作者:李勇 原文发布于微信公众号 - 云服务与SRE架构师社区(ai-cloud-ops)
前言
Kubernetes作为一个容器编排系统,为我们提供了异常丰富的功能:服务发现、负载均衡、CI/CD、配置管理、故障自愈。作为曾经的高可用性(HA)集群的开发人员,笔者在研究Kubernets的调度策略时忽然意识到,Kubernetes同时也是一个HA集群,配合公有云提供的基础设施后,可以满足大部分可用性要求不是特别高的应用。
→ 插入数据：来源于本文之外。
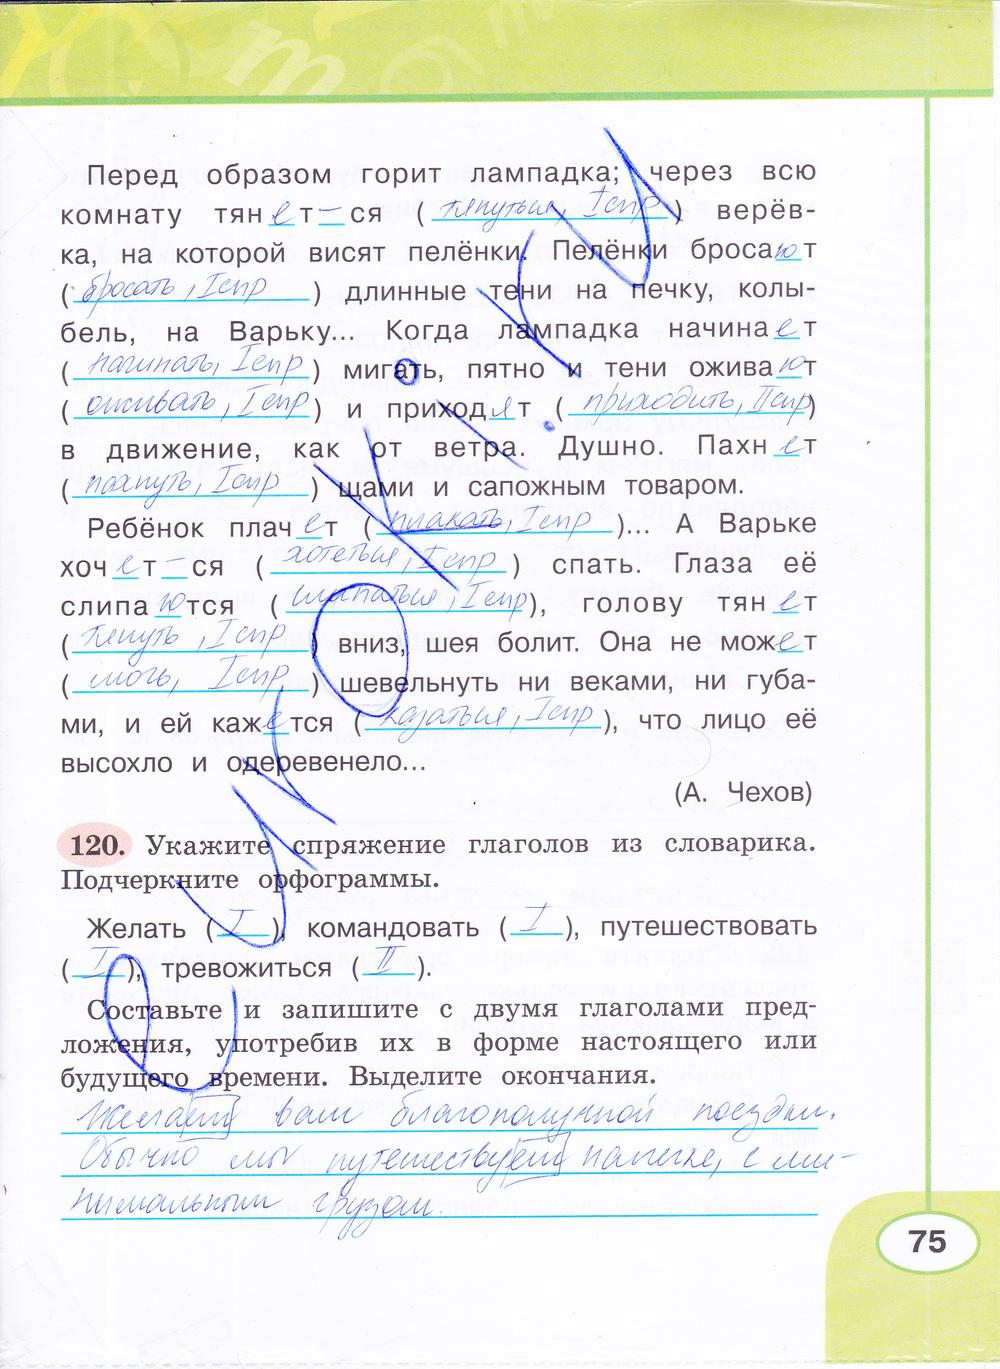 гдз по русском языку 4 класс 2 часть л ф климанова т в бабушкина
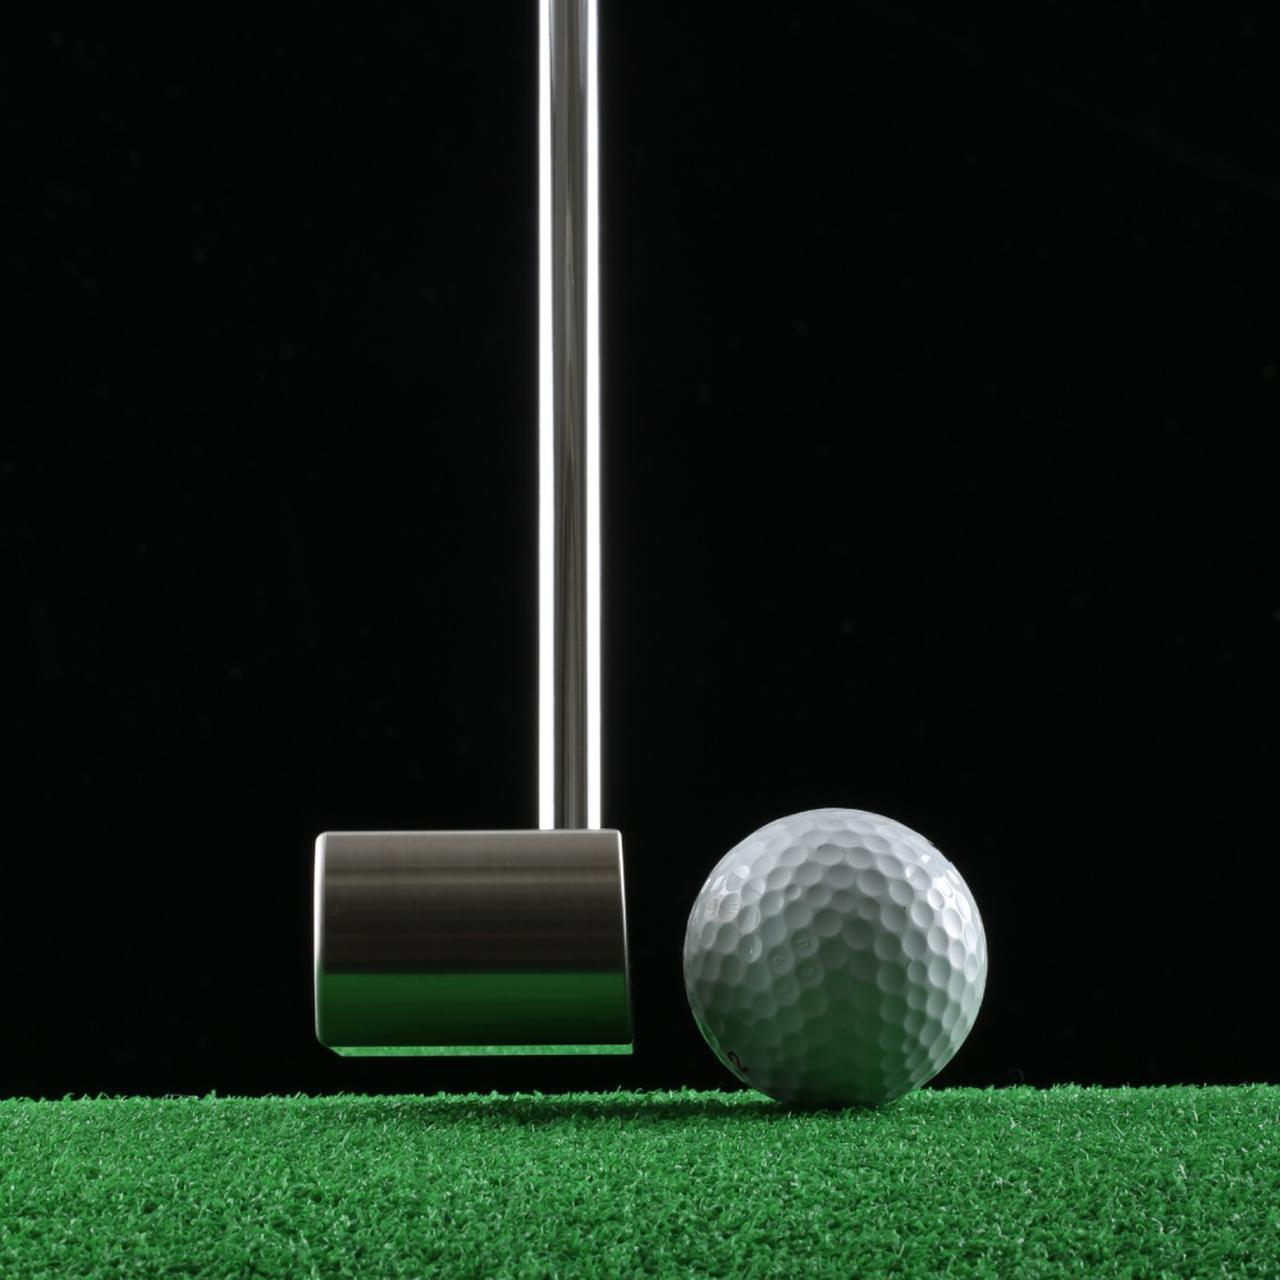 画像: 【練習用リトルパター】OH1-ゴルフダイジェスト公式通販サイト「ゴルフポケット」

以一个最基本的双机部署为例,HA软件把Virutal IP和共享存储(SAN/NAS/iSCSI等)挂载到其中一台机器上,在这个机器上启动应用,这台机器称为Master。另一台称为Slave,上面的HA软件持续进行监控,当发现Master不正常时,通过STONITH (https://en.m.wikipedia.org/wiki/STONITH) 强制关闭Master,然后把Virtual IP和共享存储挂载到本地并启动应用,成为新的Master。一些变种包括:
虚拟化兴起之后,VMware 和 Oracle VM等虚拟化管理软件提供了代替方案:如果一个虚拟机或者它的宿主机故障了,直接在另一个节点重启这台虚拟机。
在云计算的时代,虚拟机已经下沉为一种基础设施,代替了原来的物理机,而它的位置则为容器所取代。同时分布式存储取代了传统的存储。最后,Load Balancer某种程度上代替了Virtual IP,但是这两者的功能是不太一样的,Load Balancer要求后端所有节点都能响应请求,而使用Virtual IP的场景是后端只有一个节点能响应请求。当后端有且只有一个节点的情况下,两者就没什么区别了。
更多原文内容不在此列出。